I'm wondering should I take her to that street every time we go on walks now or should I go somewhere different? That's the only area where she wants to walk. When you walk your dog, do you take the same route every time?


----------



## LOVE_BABY (May 5, 2015)

Great! I'm glad she found a street on which she feels comfortable walking! Since you asked, I think if it were me, I would go back to that same street where she liked to walk before & walk her there again regularly, but every time you walk her there at the end of your walk perhaps venture a little bit outside of her comfort zone each time slowly getting her accustomed to some new areas. And every now & then perhaps try beginning your walk in a completely new area just to see how she does with it so you can tell if she's gotten over her fear of walking other places or not. 

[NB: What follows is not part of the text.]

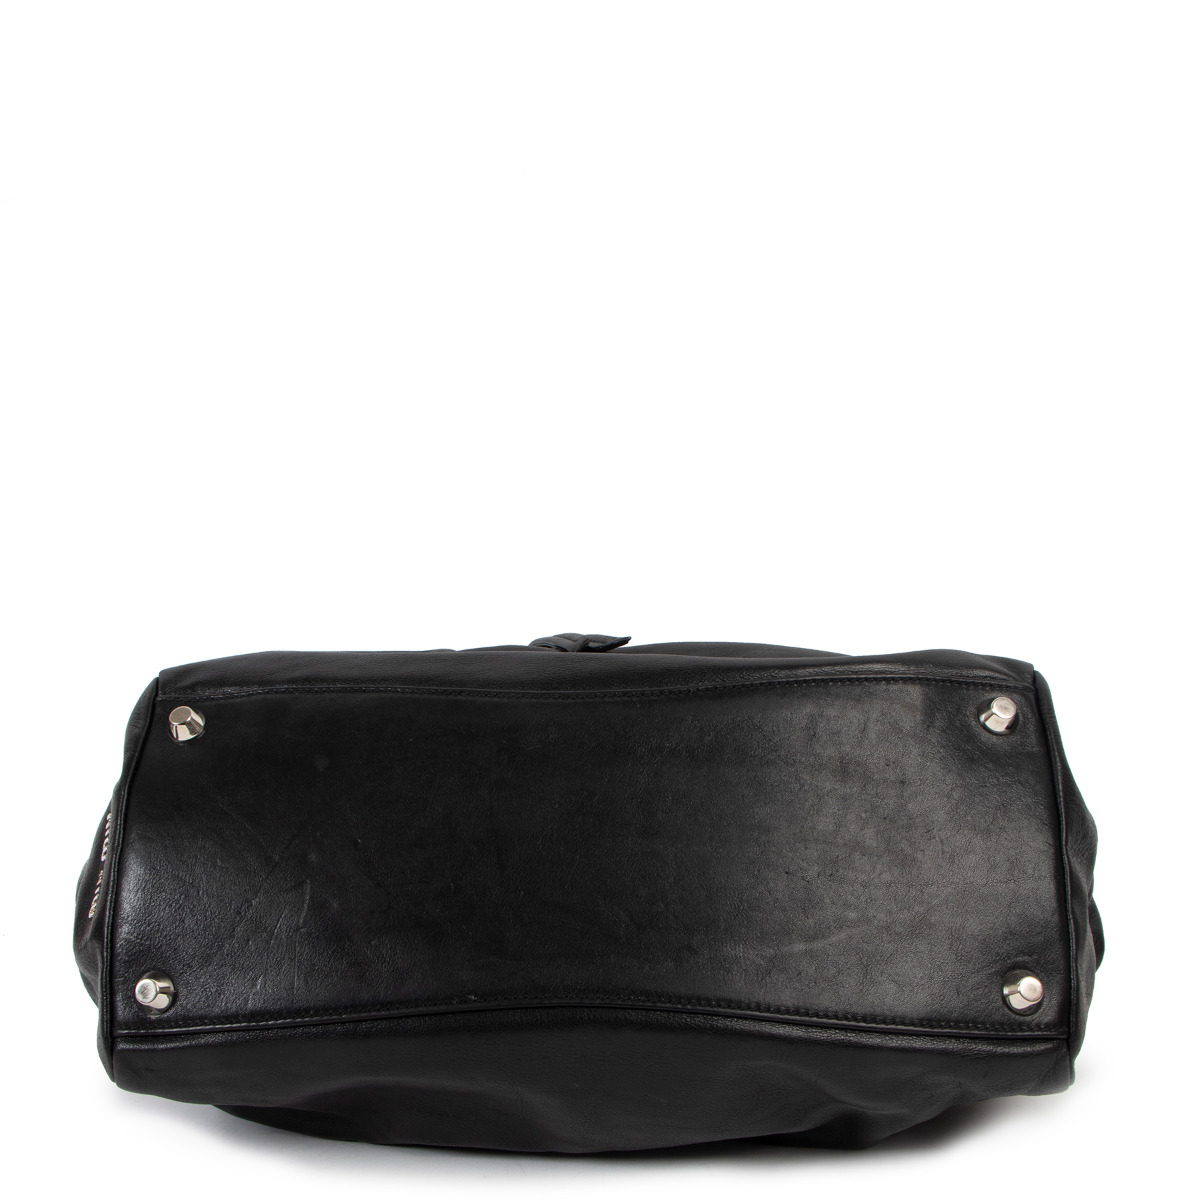 Bow bag leather handbag Miu Miu Black in Leather - 30998485

As for walking my own dog, he will usually walk anywhere I take him but as you already know he gets moody occasionally along the way & will suddenly stop at times to lay in the grass, and also once in a while still lay's down for 'no apparent reason'. He will also do this if he hears a loud scary noise such as loud truck or something go by, then he will cower to the ground & 'hit the dirt' as my Husband & I say. Baby is not a 'perfect' walker but he is so much more improved from when he was a puppy. I think if we had just kept him in the house & had given up & stopped trying back then he probably wouldn't walk at all outside now, I think it's because we kept at it & didn't give up trying that he finally got conditioned to it & got used to it. I'm glad we kept at it because we can take him anywhere with us now.


----------